# Forcing my heels down!



## Zexious (Aug 2, 2013)

One stretch you can do is rest your toes/the ball of your foot on a stair (like, inside your home) and then sink down. It will help stretch your tendons, and make keeping your heels down a bit easier.


----------



## Chevaux (Jun 27, 2012)

Zexious said:


> One stretch you can do is rest your toes/the ball of your foot on a stair (like, inside your home) and then sink down. It will help stretch your tendons, and make keeping your heels down a bit easier.

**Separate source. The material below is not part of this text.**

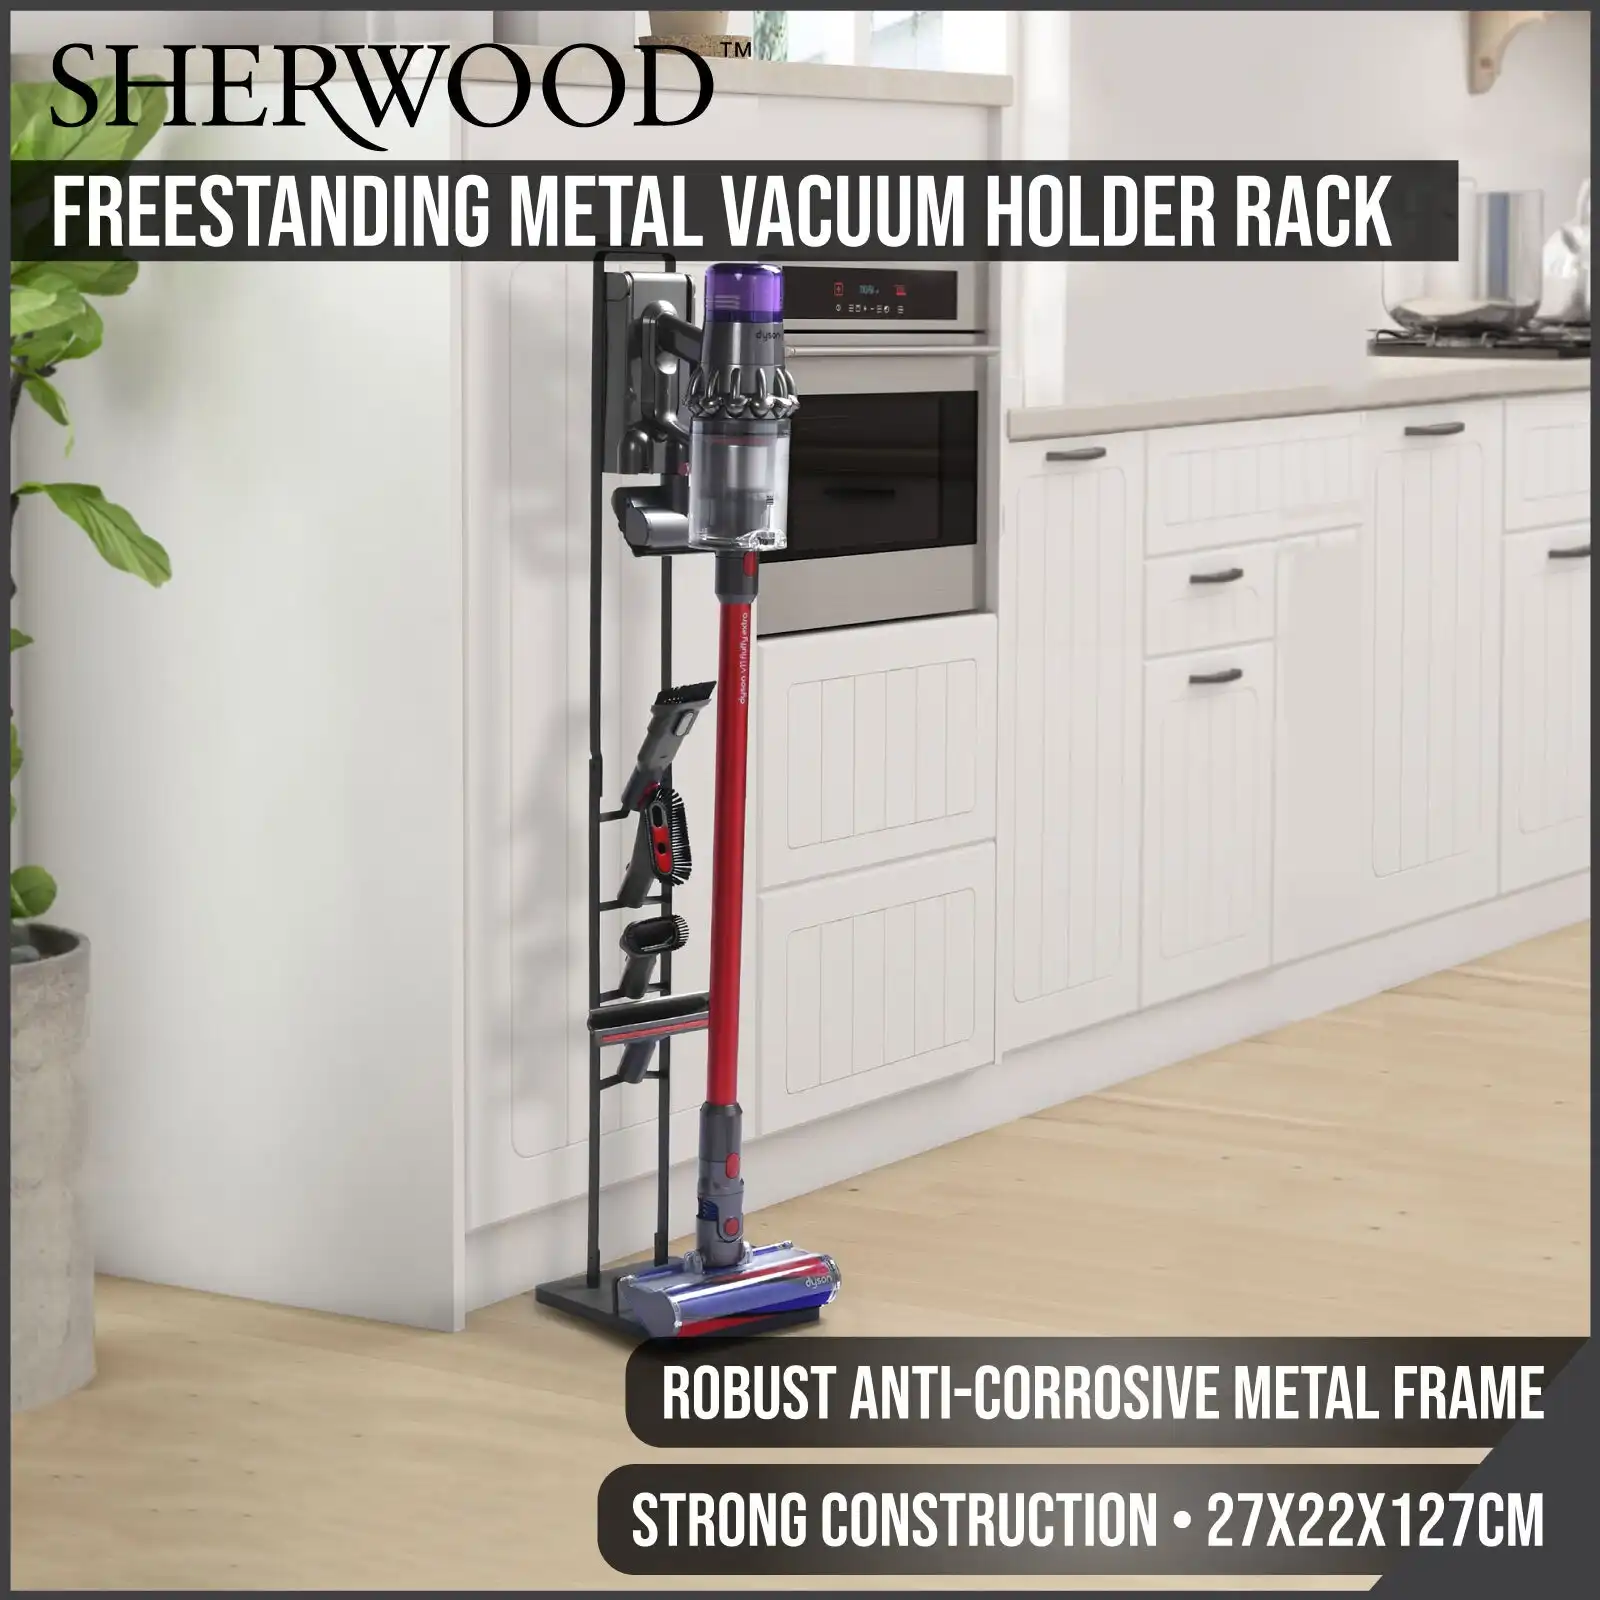 Sherwood Home Freestanding Metal Vacuum Holder Rack For Dyson V6, V7, V8, V10 & V11

In addition to this one, I also do this (the true lazy person's yoga:lol: but it does work): When you're at the computer or watching tv, rest your feet on a low stool (or box) - feet side by side toes pointing upward, your legs reasonably straight and relaxed - point your toes (let the rest of the foot follow naturally) toward your body as far they will go but don't force them - hold for three seconds and release - relax your feet for a few seconds - repeat. When this becomes routine and natural, start to increase the amount of stretch and the amount of time you hold the position (you should feel it in the back of the calf). The goal is strength and flexion in the ankle and calf - when you've got that the whole area becomes more like a spring and consequently is less stressed and painful.


----------



## tinyliny (Oct 31, 2009)

if you are over flexing your ankle, putting your heel too low, could it be that your stirrups are too short?


----------



## livelovelaughride (Sep 13, 2011)

You might try rolling your tight calf muscles over a foam roller, and massage (you doing it on your own calf) or another person massaging can help keep the calf loose. You want to stretch the belly of the muscle, not the tendon. Over stretching at the tendon will pull at the attachment site to the bone, can cause a tendon strain. Joint flexibility at the ankle is limited by bone, tendon, ligament and muscle. I can't remember in that order. Just don't stretch to the point of pain. Hope this helps.


----------